# Finding a General Solution to a Nonhomogeneous Matrix Equation

I've come across a question in which I've been asked to find the general solution to the matrix equation:

$\begin{bmatrix}1 & -2 & 1\\-2 & 4 &-2\\1 & -2 & 1\end{bmatrix} \begin{bmatrix}x\\y\\z\end{bmatrix} = \begin{bmatrix}8\\-16\\8\end{bmatrix}$

by first finding a solution to a similar homogeneous equation:

$\begin{bmatrix}1 & -2 & 1\\-2 & 4 &-2\\1 & -2 & 1\end{bmatrix} \begin{bmatrix}x\\y\\z\end{bmatrix} = \begin{bmatrix}0\\0\\0\end{bmatrix}$

and then using that along with a given solution,

\begin{bmatrix}1\\-2\\3\end{bmatrix}

to find the general solution.

I've been looking around online and in textbooks for awhile and can't seem to find any information on this type of problem.
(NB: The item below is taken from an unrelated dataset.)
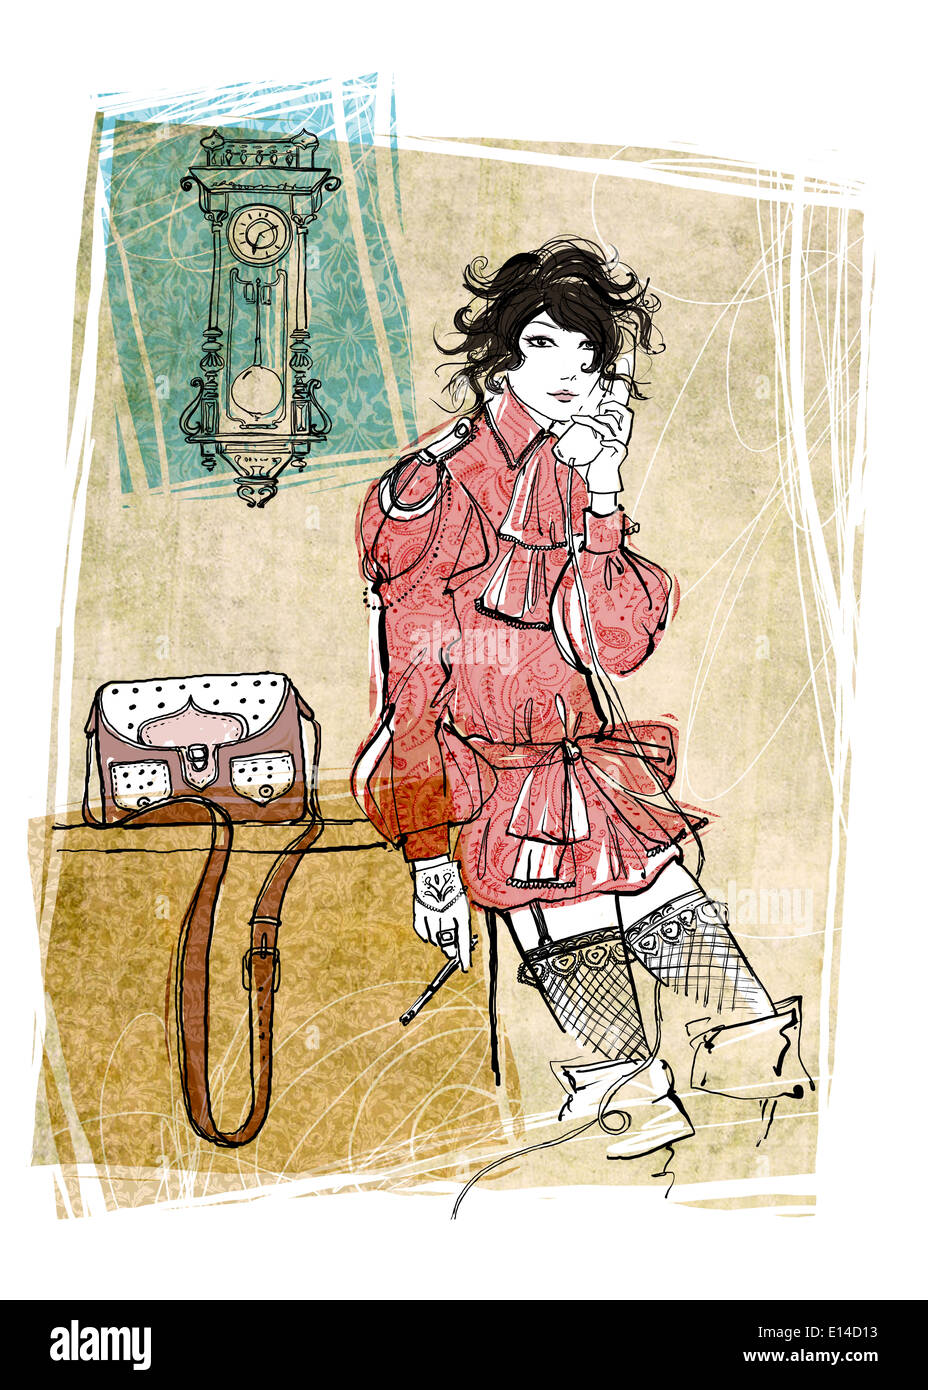 Illustration de la femme à l'aide de téléphone fixe dans la chambre Banque D'Images
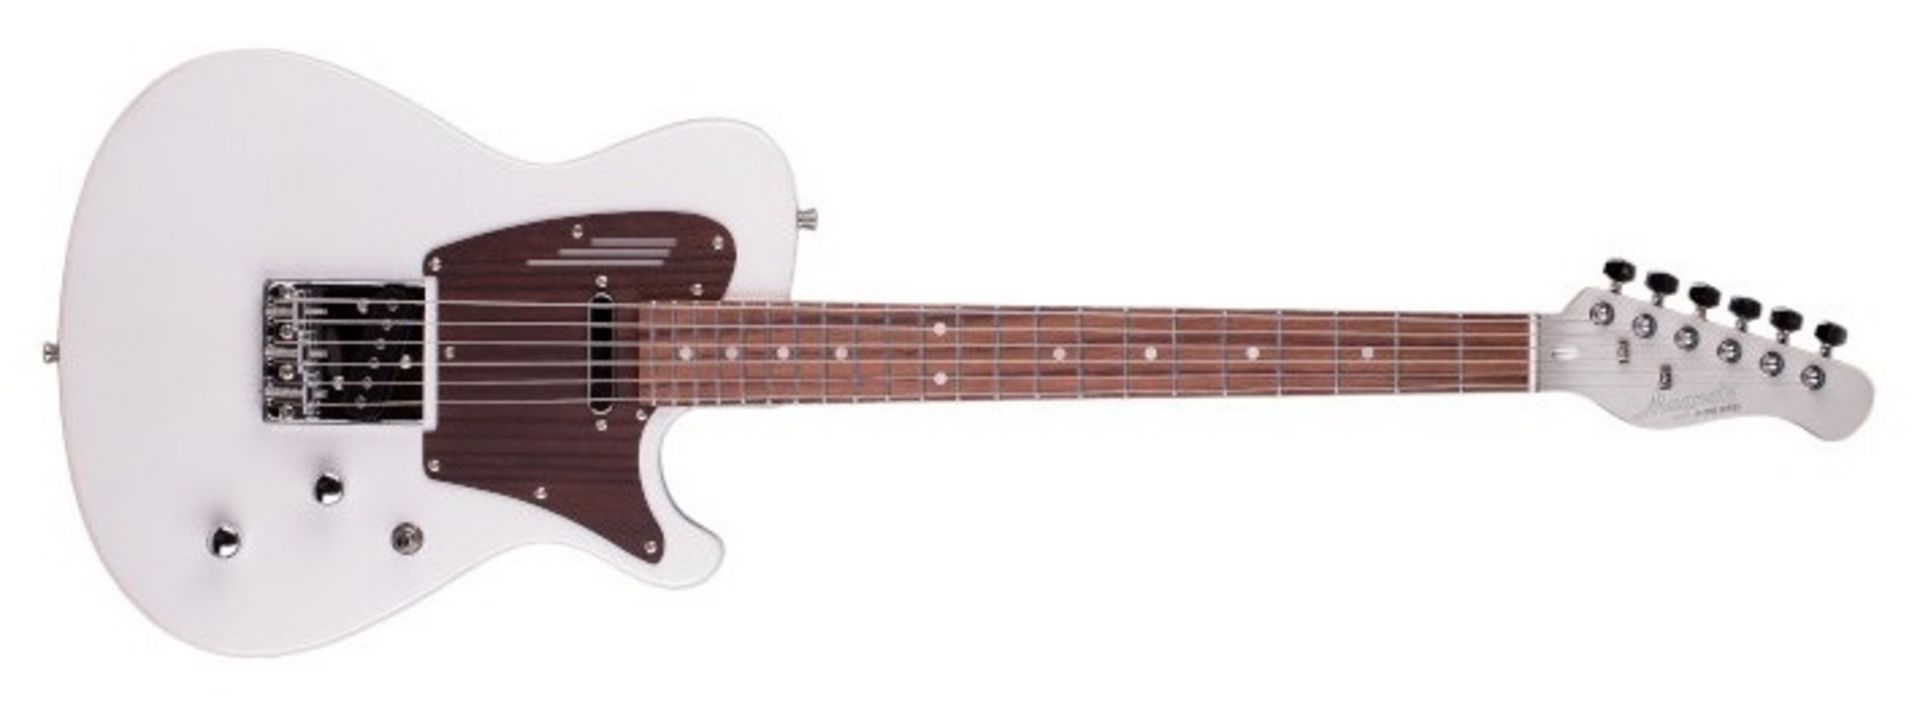 Magneto Guitars - U-ONE Series UT-Wave Classic UT-2300 White

Could someone provide a rundown of the methodology?

General solution = (particular solution) + (general solution of the homogeneous equation).

Notice the column structure of the target matrix: $$\mathbf{A}= % \left[ \begin{array}{rrr} 1 & -2 & 1 \\ -2 & 4 & -2 \\ 1 & -2 & 1 \\ \end{array} \right] % = % \left[ \begin{array}{rrr} c_{1} & -2 c_{1} & c_{1} \end{array} \right].$$ We have one essential column. The rank plus nullity theorem reveals there will be two vectors to span the nullspace. $$\mathcal{N}\left( \mathbf{A} \right) = \text{span } \left\{ \, \left[ \begin{array}{r} 2 \\ 1 \\ 0 \end{array} \right], \, \left[ \begin{array}{r} 1 \\ 0 \\ -1 \end{array} \right] \, \right\}$$

For the data vector $$b= \left[ \begin{array}{r} 1 \\ 0 \\ -1 \end{array} \right]$$ The general solution for $\mathbf{A}x = b$ is $$x = \left[ \begin{array}{c} 8 \\ 0 \\ 0 \end{array} \right] + \alpha \left[ \begin{array}{c} 2 \\ 1 \\ 0 \end{array} \right] + \beta \left[ \begin{array}{r} 1 \\ 0 \\ -1 \end{array} \right], \qquad \alpha, \beta \in \mathbb{C}.$$